* Exercise requirements *
Restate, word for word, the run of lines that starts at the line containing "Sabado, 23 de" and ends with the final line of the listing. Leave pictures out.

* Data *

--- START ---

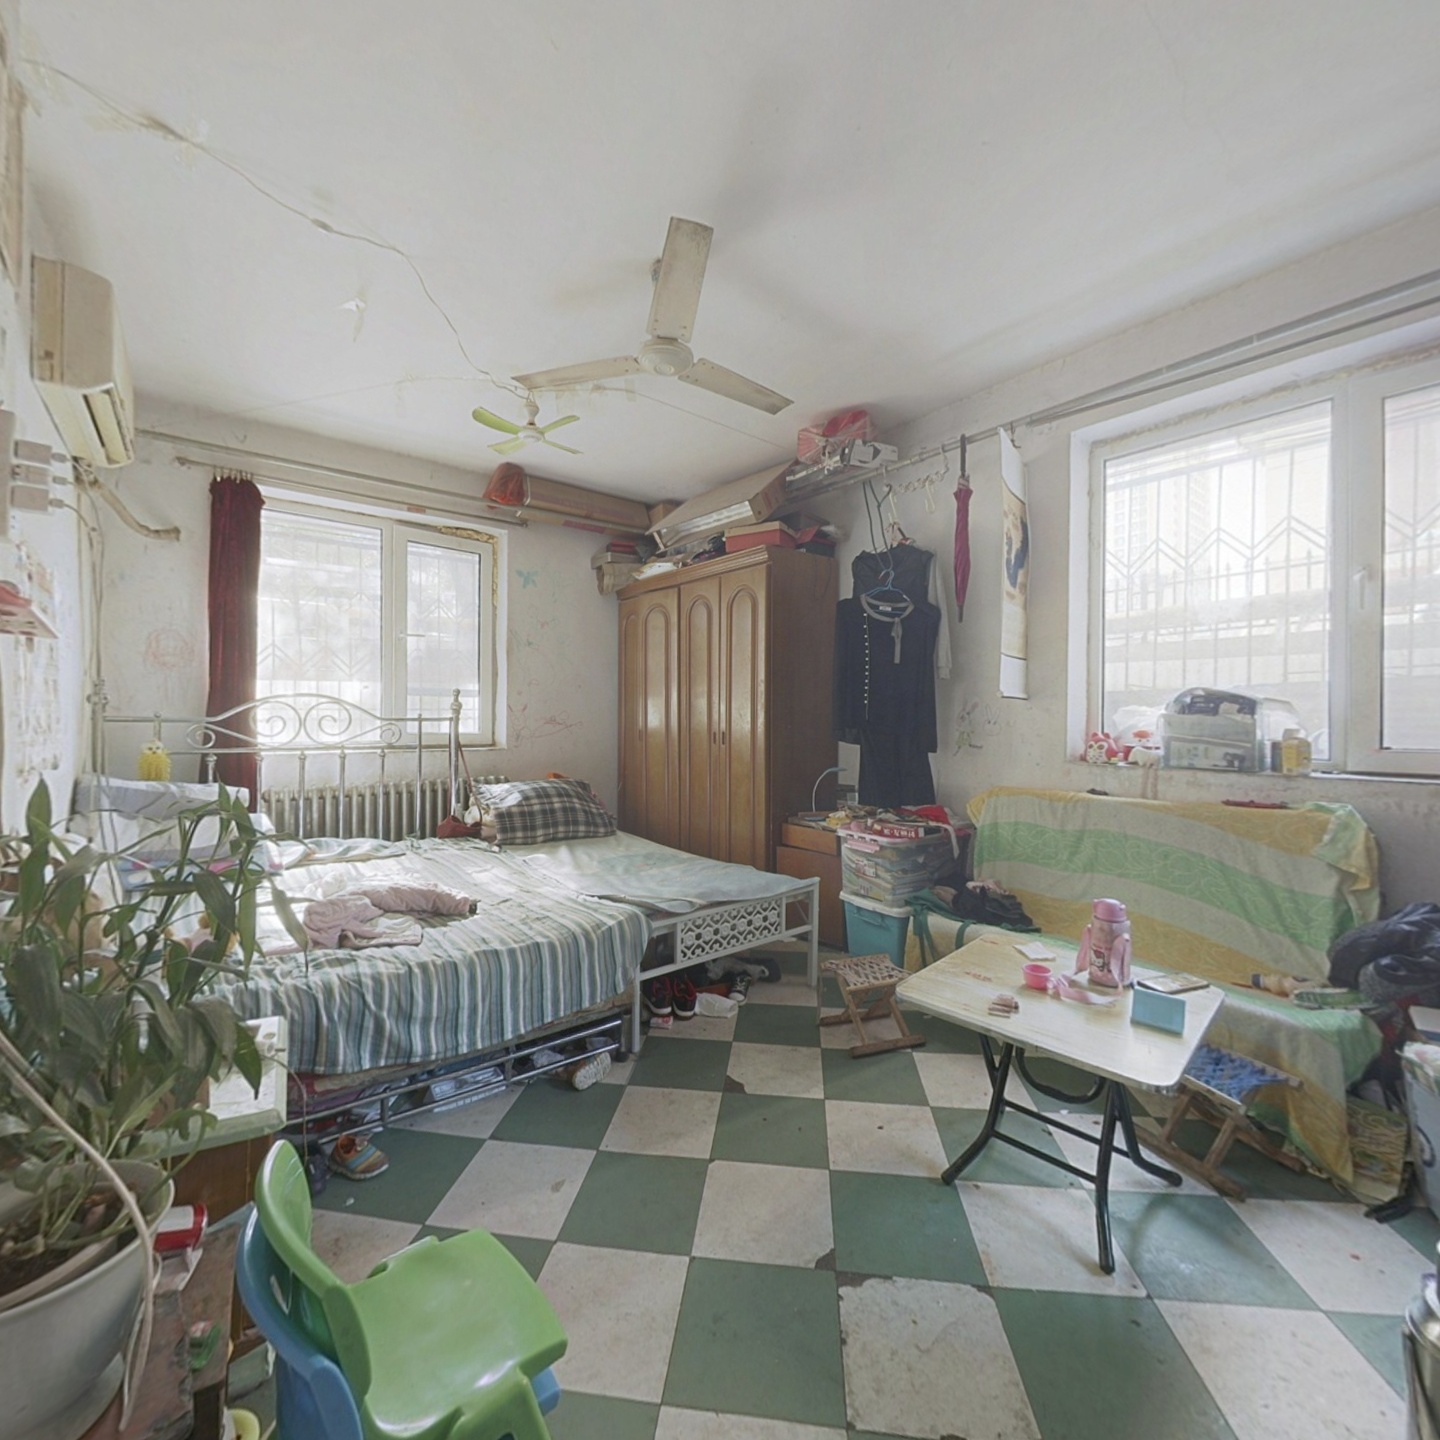 湘江道 私产两室 一楼 适合老人居住
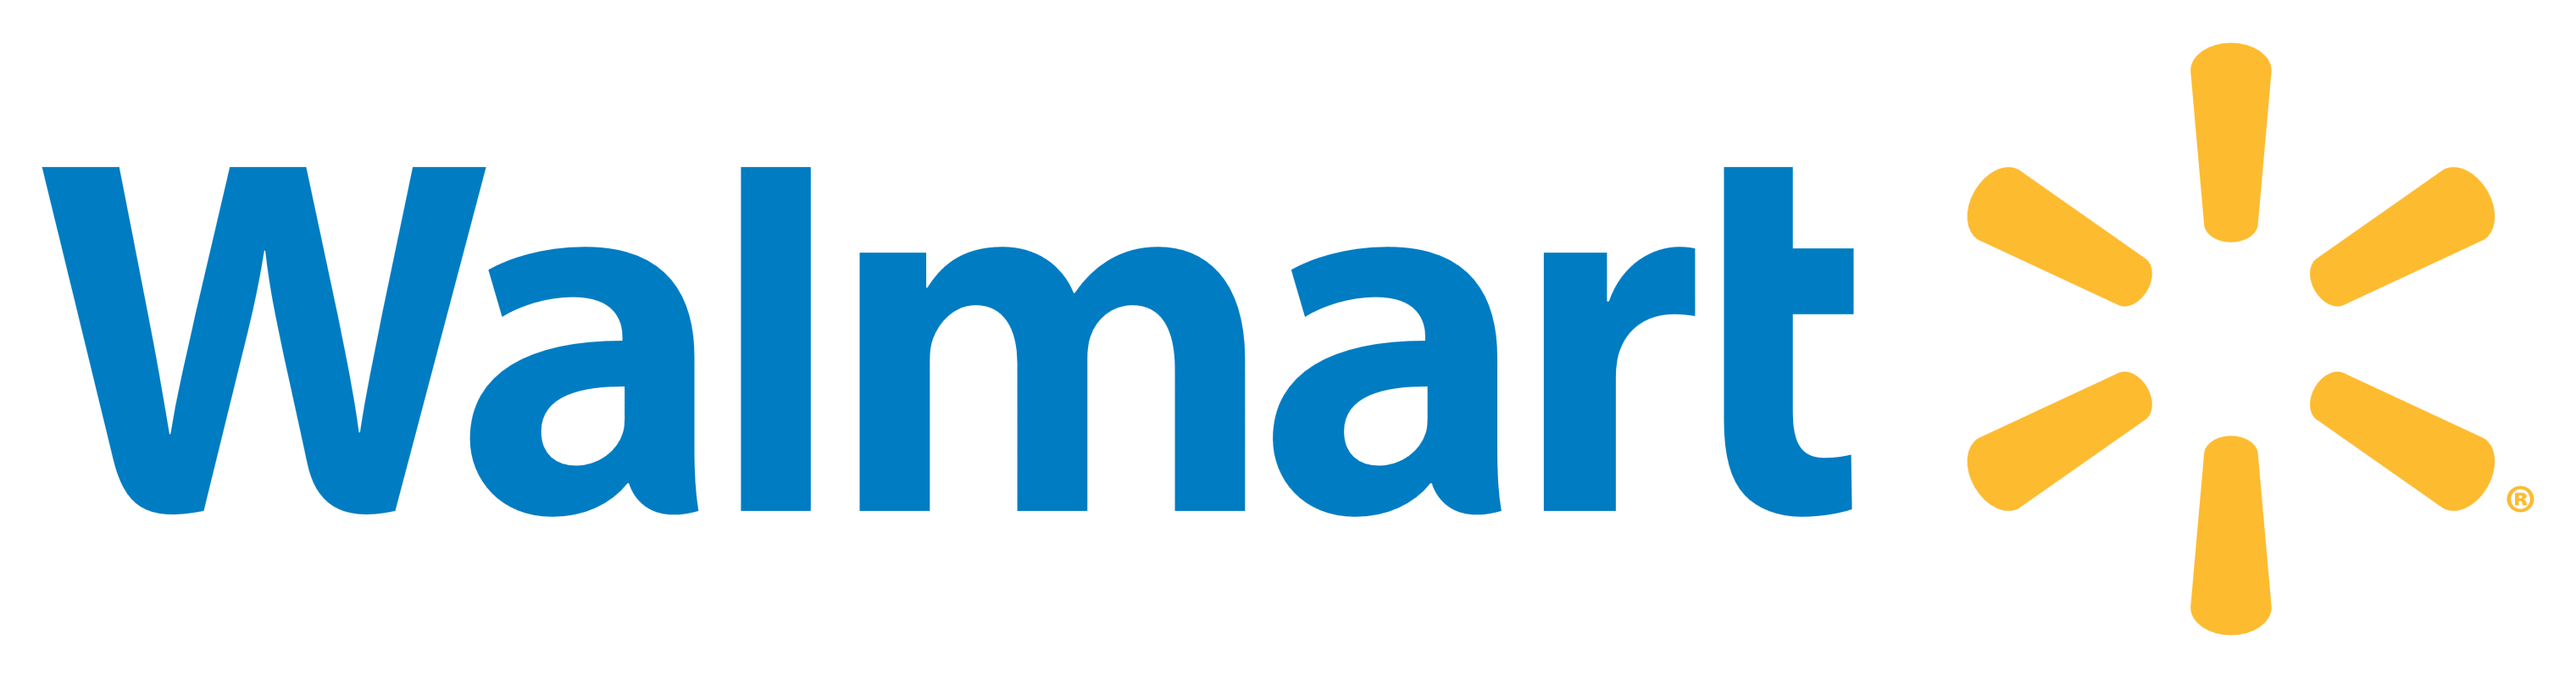 Walmart – Logos Download
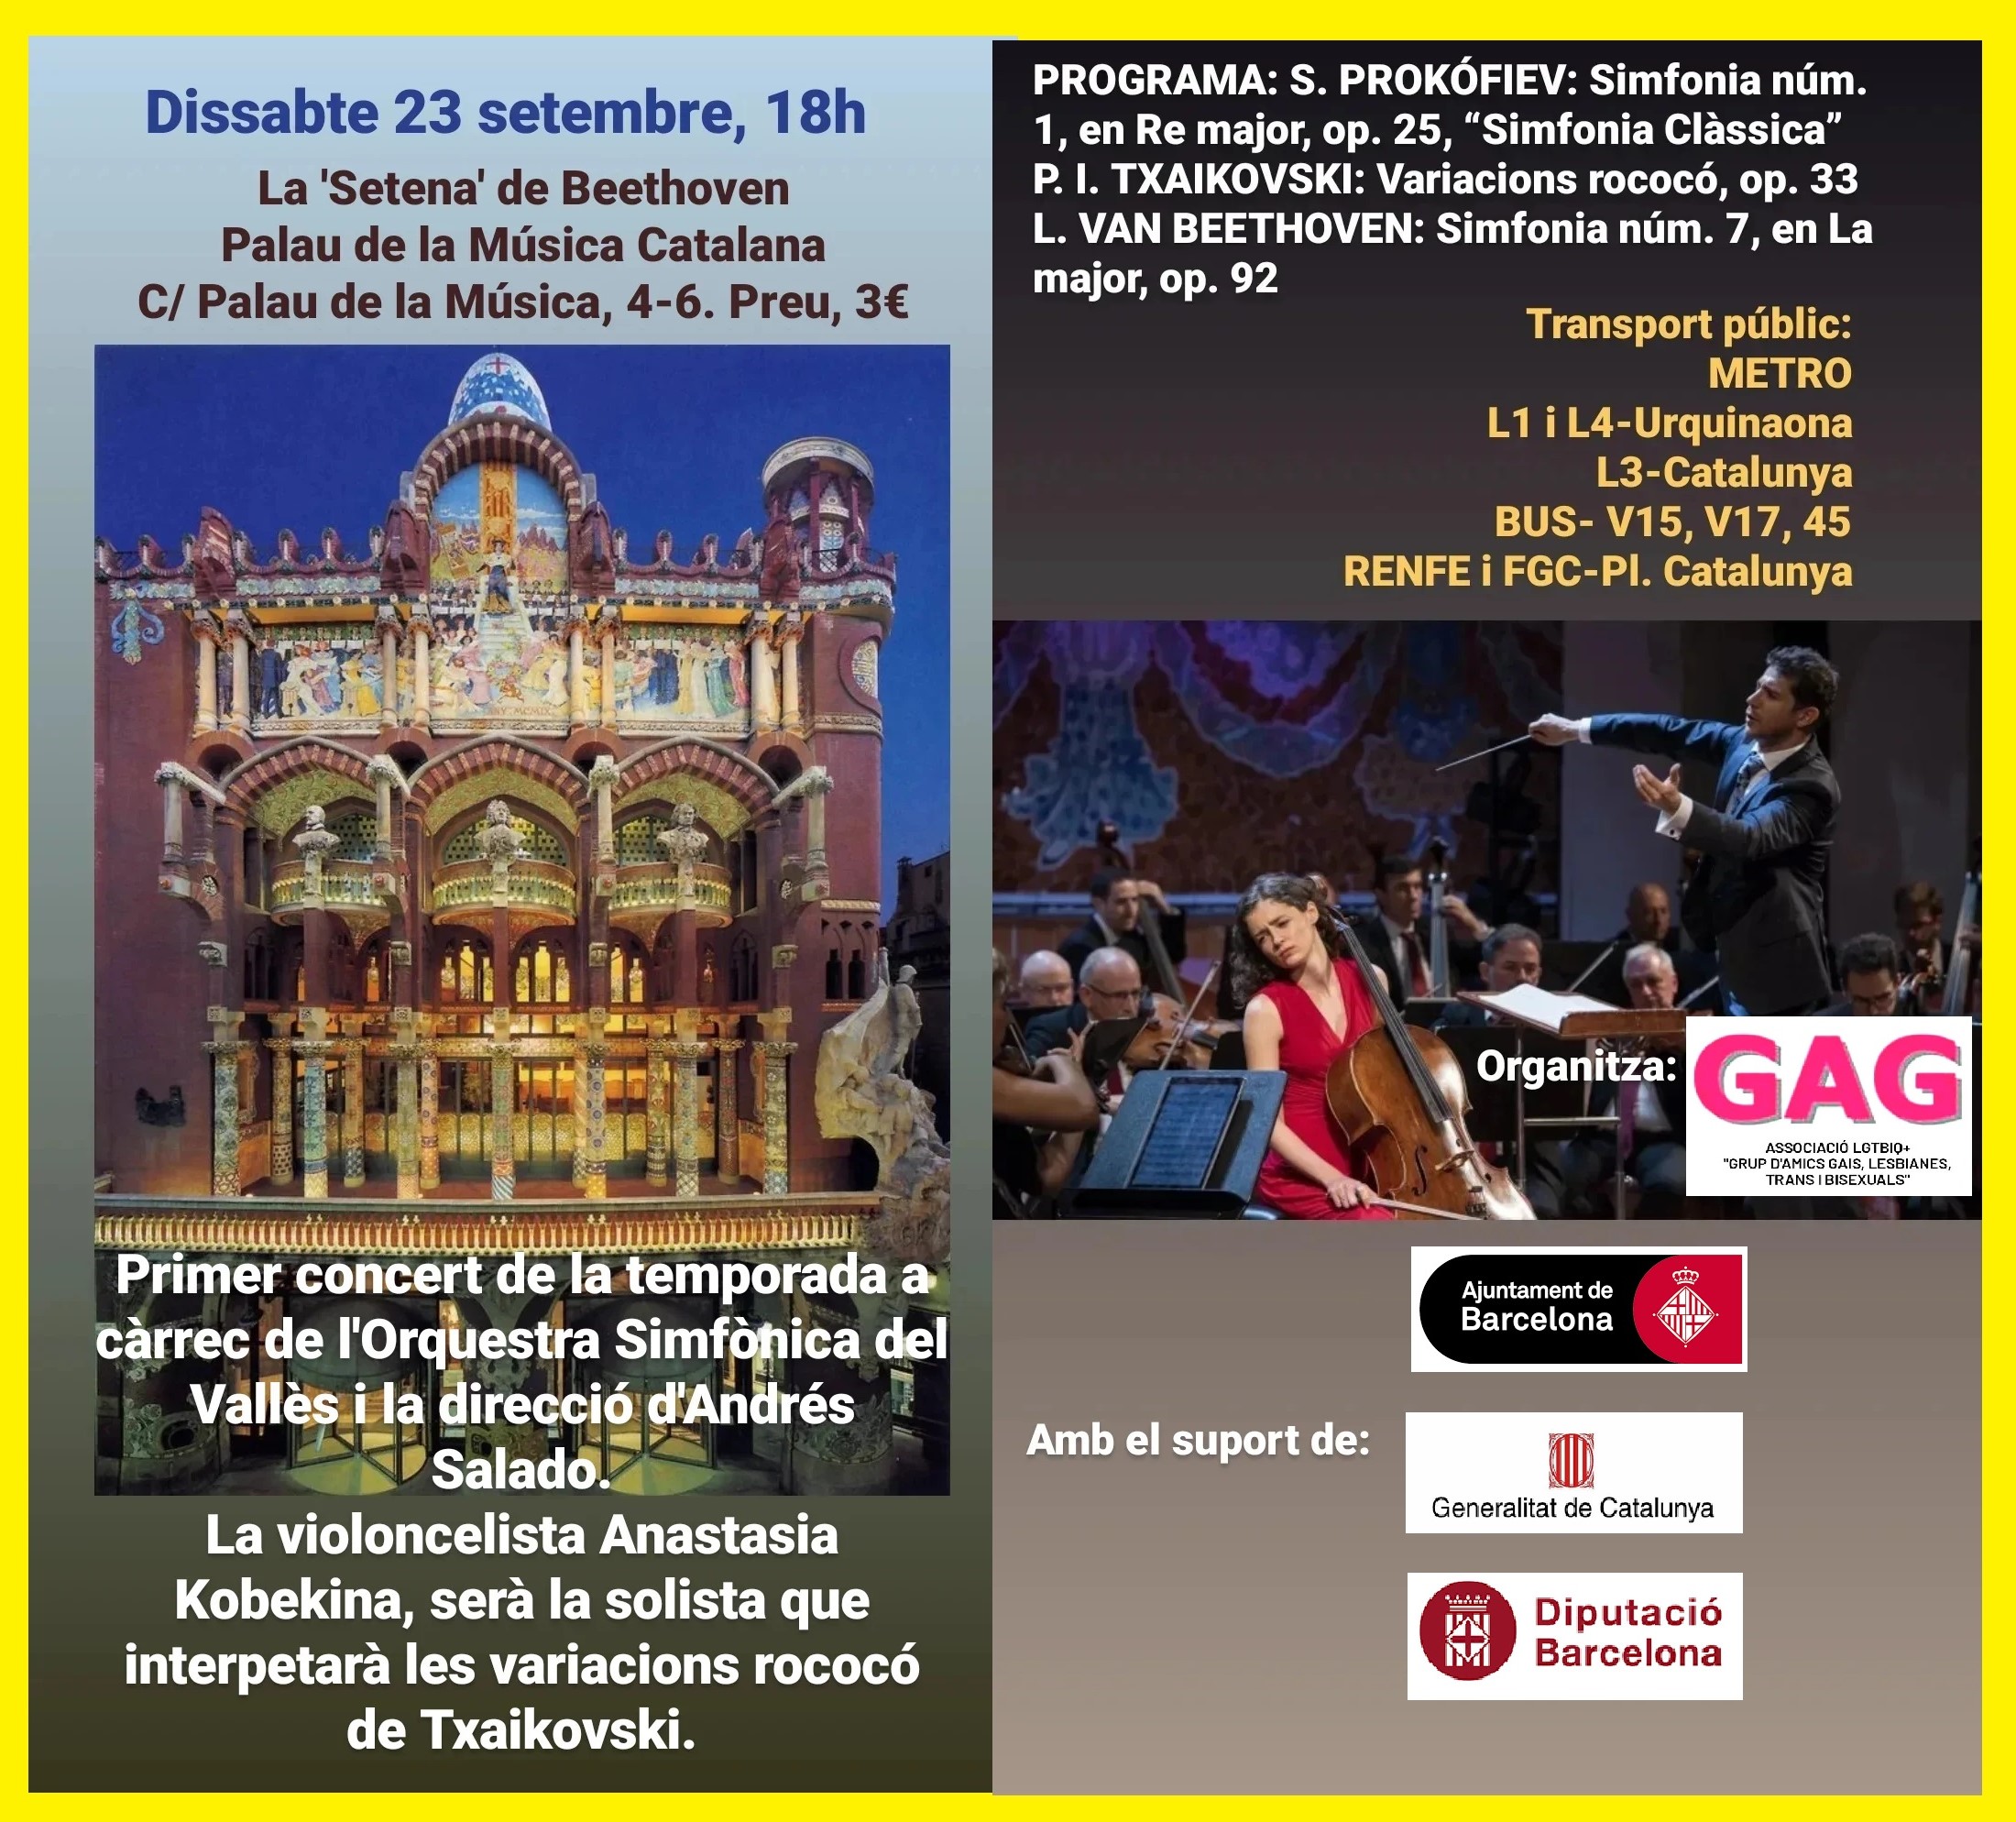 Sabado, 23 de septiembre a las 18h: Concierto en el Palacio de la Musica Catalana
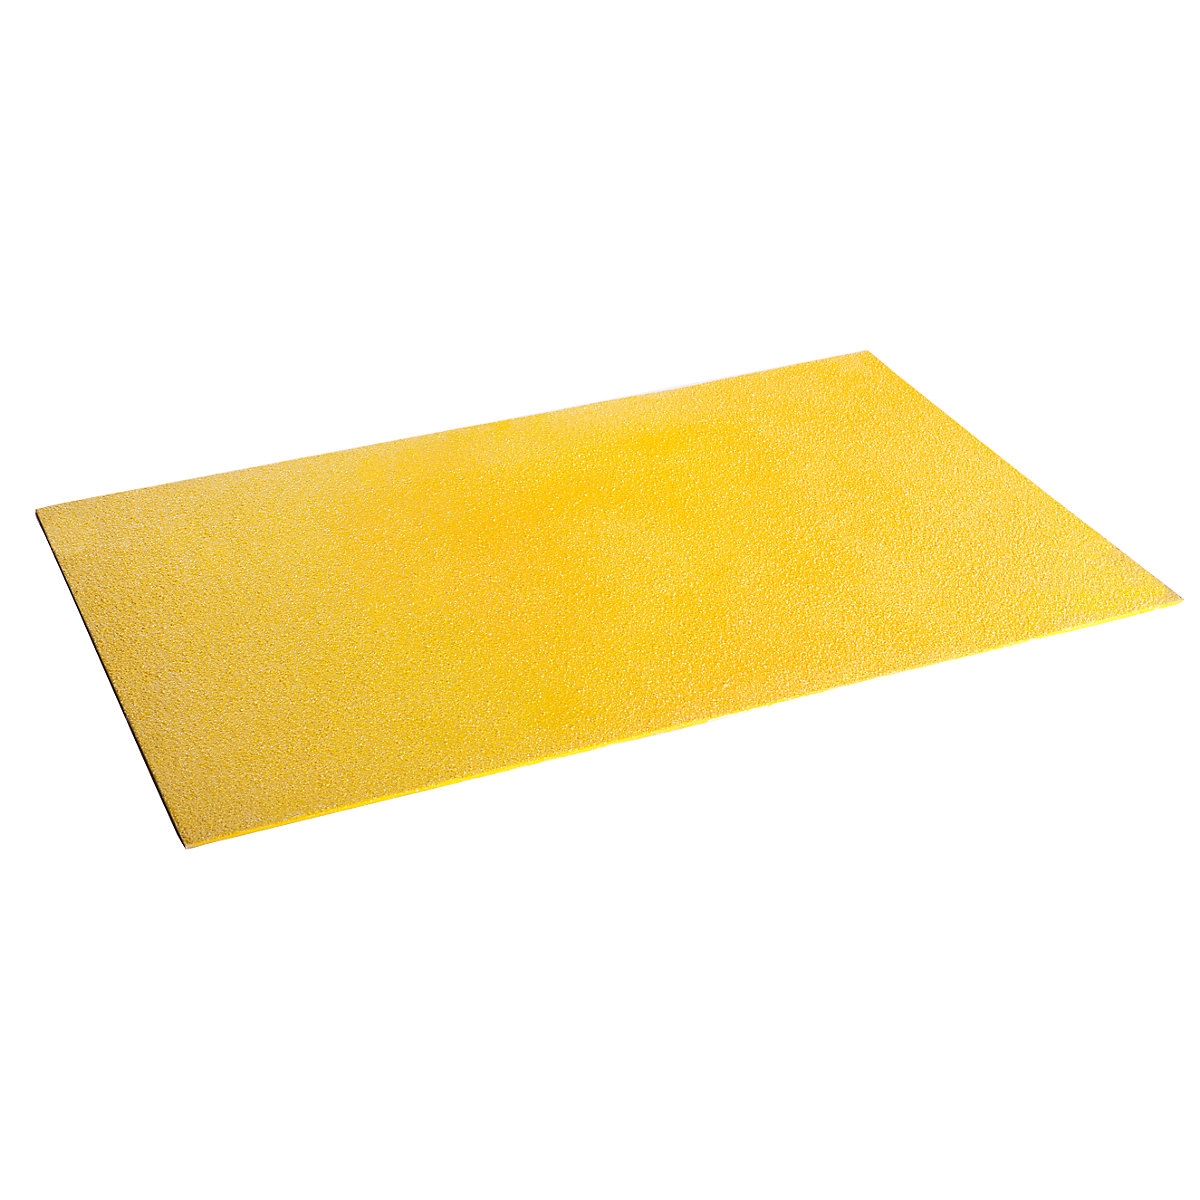 Podna ploča, protuklizna – COBA, DxŠ 1200 x 800 mm, u žutoj boji-8

--- END ---

* Solution to this exercise *
 Sabado, 23 de septiembre a las 18h: Concierto en el Palacio de la Musica Catalana
 Podna ploča, protuklizna – COBA, DxŠ 1200 x 800 mm, u žutoj boji-8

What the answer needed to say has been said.